Tuesday, September 1, 1863: Susan Bradford Eppes, a Southern woman, writes in her diary about the scarcity of dry goods and the necessity of learning how to “make do”: “We are busy spinning, weaving, sewing and knitting, trying to get together clothing to keep our dear soldiers warm this winter. Brother Junius writes that he has worn all his under garments to shreds and wants to know if it would be possible to get some flannel, or some kind of wool goods to make him some new ones? We have tried but none can be had, so I am spinning some wool into knitting yarn and with some big wooden needles I have I am going to knit both drawers and shirts for him. I am so impatient to get to work on them and see if my plan is feasible, that I spend all the time I can at the spinning wheel. I know the shirts can be knit, for I made some for father last winter which he found quite comfortable but I am somewhat doubtful as to the drawers. After awhile we will learn how to supply most of our needs.”
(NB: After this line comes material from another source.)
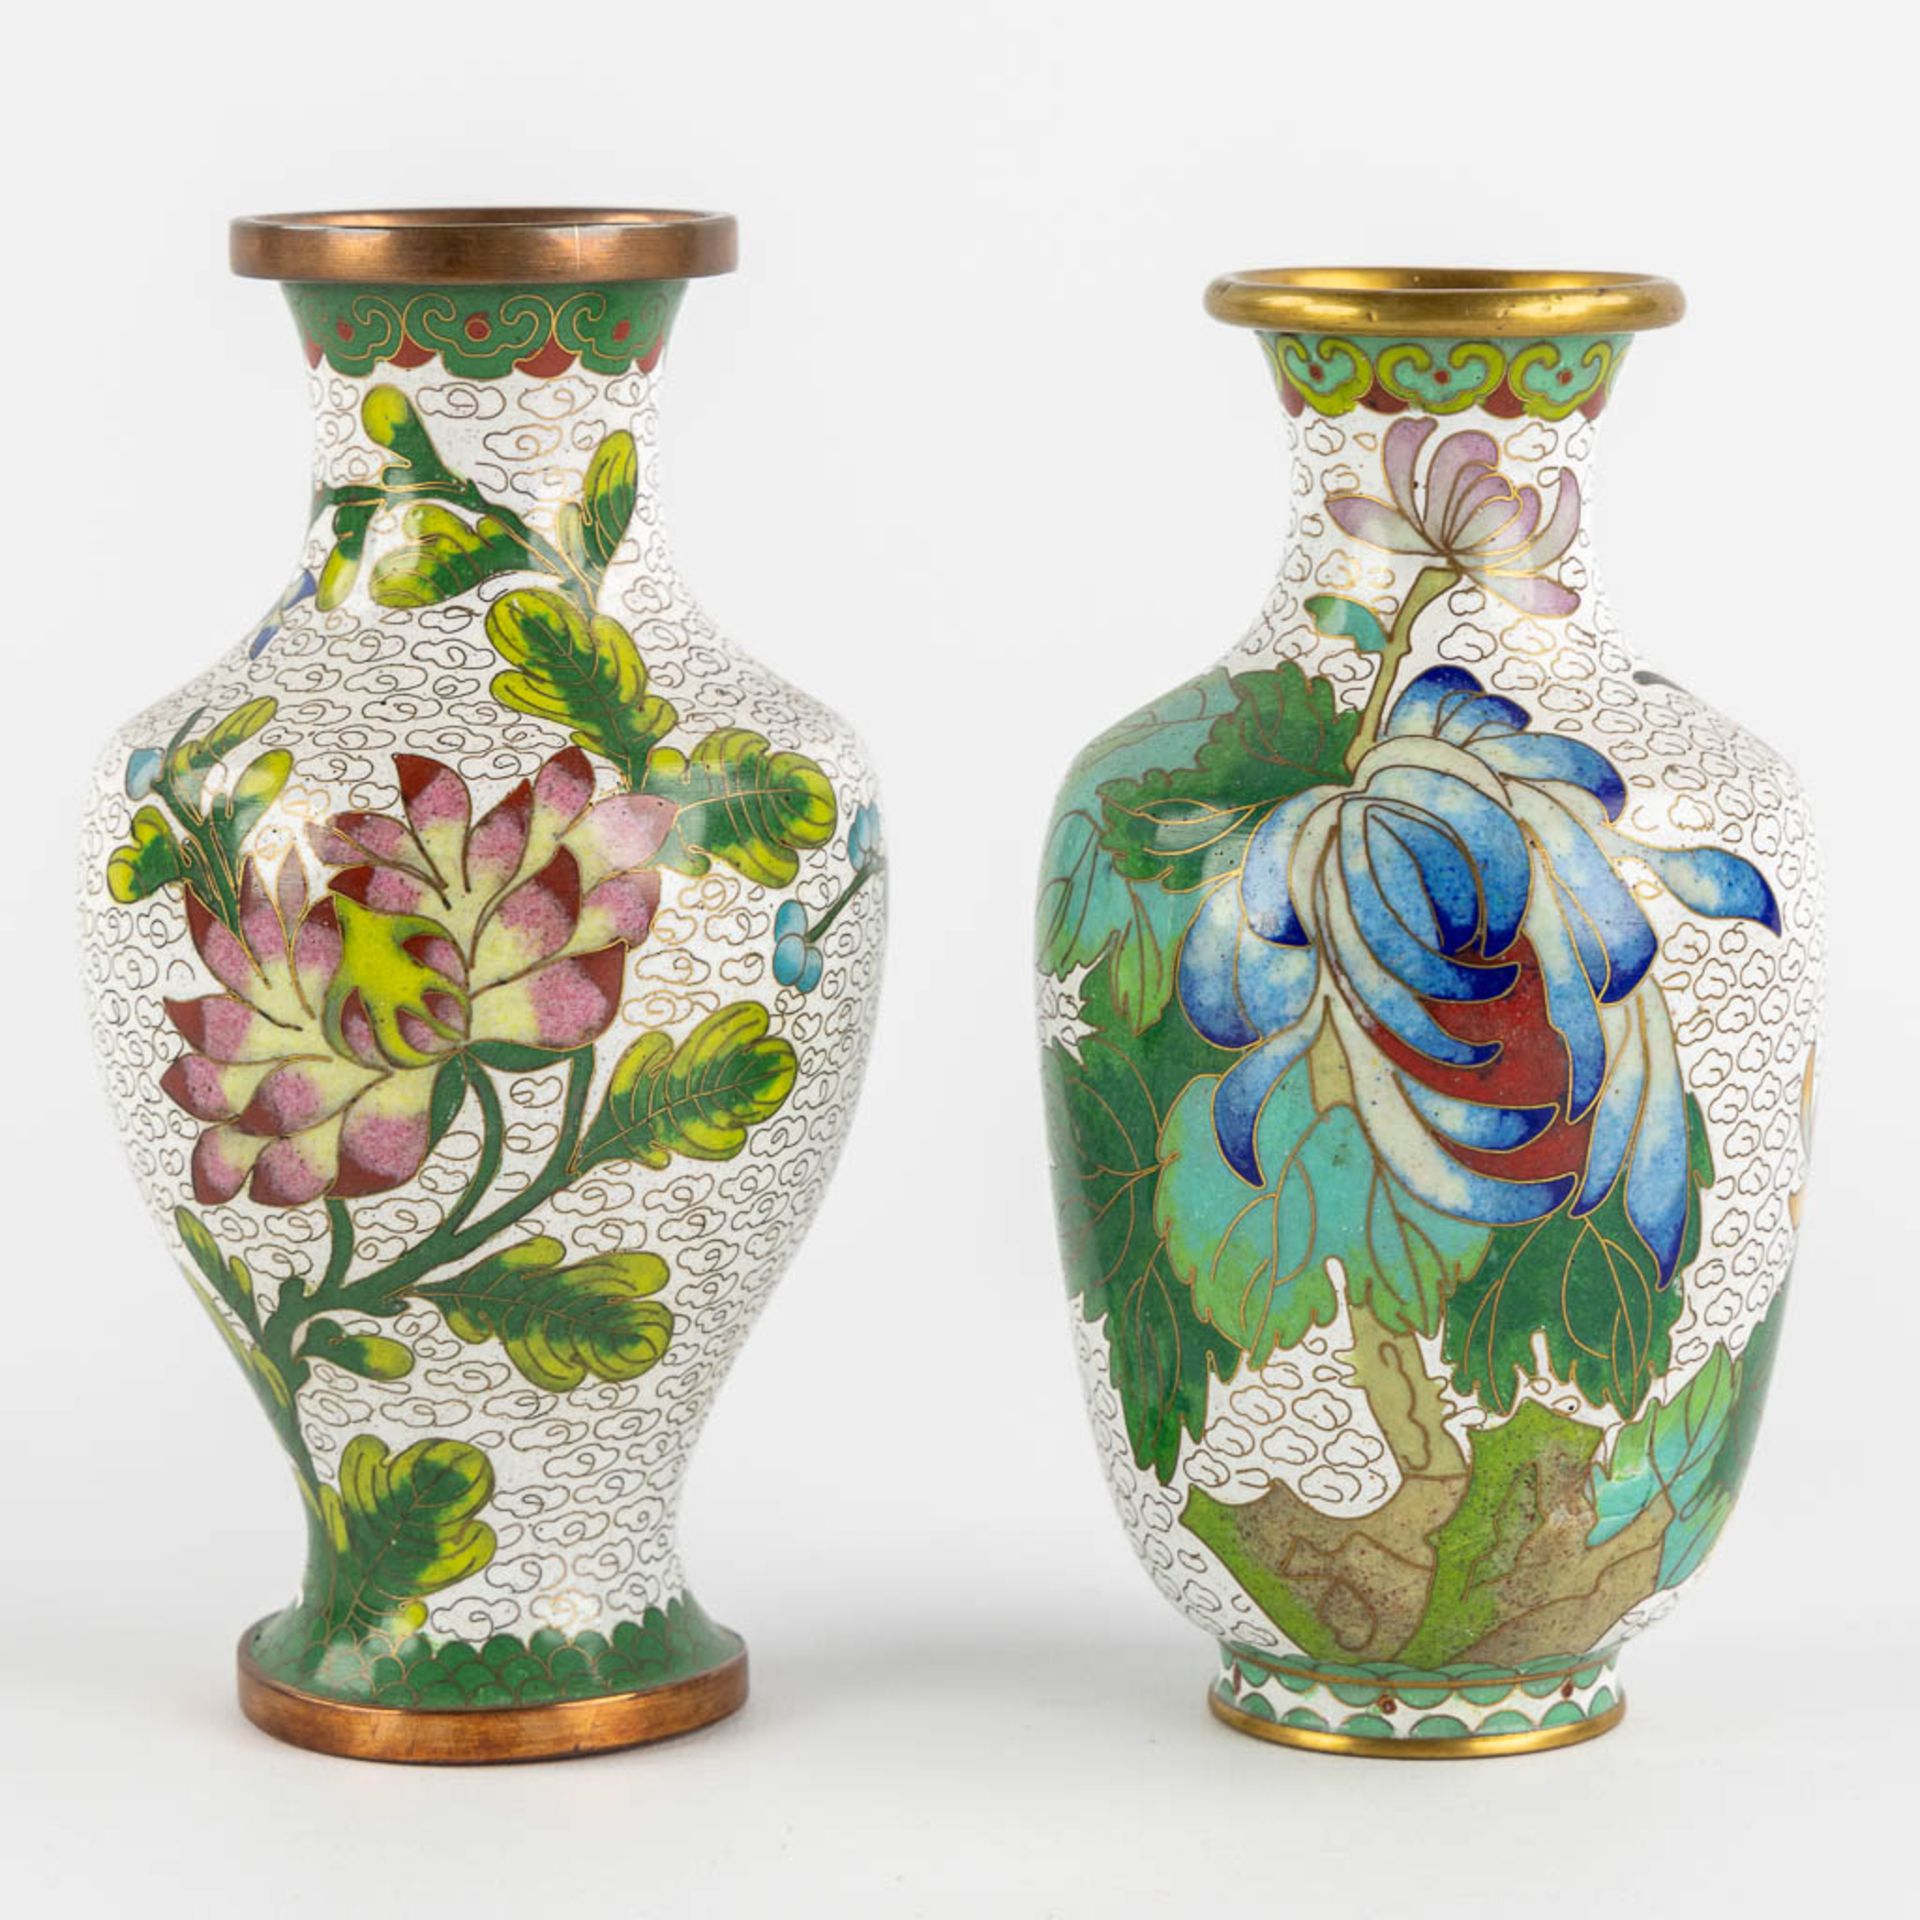 Twelve pieces of Cloisonné enamelled vases and trinklet bowls. Three pairs. (H:23 cm) - Image 9 of 14

Thursday, September 1, 1864: From General Sherman’s viewpoint: “General Hardee was gone, and we all pushed forward along the railroad south, in close pursuit, till we ran up against his lines at a point just above Lovejoy’s Station. While bringing forward troops and feeling the new position of our adversary, rumors came from the rear that the enemy had evacuated Atlanta, and that General Slocum was in the city. Later in the day I received a note in Slocum’s own handwriting, stating that he had heard during the night the very sounds that I have referred to; that he had moved rapidly up from the bridge about daylight, and had entered Atlanta unopposed. His letter was dated inside the city, so there was no doubt of the fact. General Thomas’s bivouac was but a short distance from mine, and, before giving notice to the army in general orders, I sent one of my staff-officers to show him the note. In a few minutes the officer returned, soon followed by Thomas himself, who again examined the note, so as to be perfectly certain that it was genuine. The news seemed to him too good to be true. He snapped his fingers, whistled, and almost danced, and, as the news spread to the army, the shouts that arose from our men, the wild hallooing and glorious laughter, were to us a full recompense for the labor and toils and hardships through which we had passed in the previous three months.
A courier-line was at once organized, messages were sent back and forth from our camp at Lovejoy’s to Atlanta, and to our telegraph-station at the Chattahoochee bridge. Of course, the glad tidings flew on the wings of electricity to all parts of the North, where the people had patiently awaited news of their husbands, sons, and brothers, away down in “Dixie Land;” and congratulations came pouring back full of good-will and patriotism. This victory was most opportune; Mr. Lincoln himself told me afterward that even he had previously felt in doubt, for the summer was fast passing away; that General Grant seemed to be checkmated about Richmond and Petersburg, and my army seemed to have run up against an impassable barrier, when, suddenly and unexpectedly, came the news that “Atlanta was ours, and fairly won.”
On this text many a fine speech was made, but none more eloquent than that by Edward Everett, in Boston. A presidential election then agitated the North. Mr. Lincoln represented the national cause, and General McClellan had accepted the nomination of the Democratic party, whose platform was that the war was a failure, and that it was better to allow the South to go free to establish a separate government, whose corner-stone should be slavery. Success to our arms at that instant was therefore a political necessity; and it was all-important that something startling in our interest should occur before the election in November. The brilliant success at Atlanta filled that requirement, and made the election of Mr. Lincoln certain.”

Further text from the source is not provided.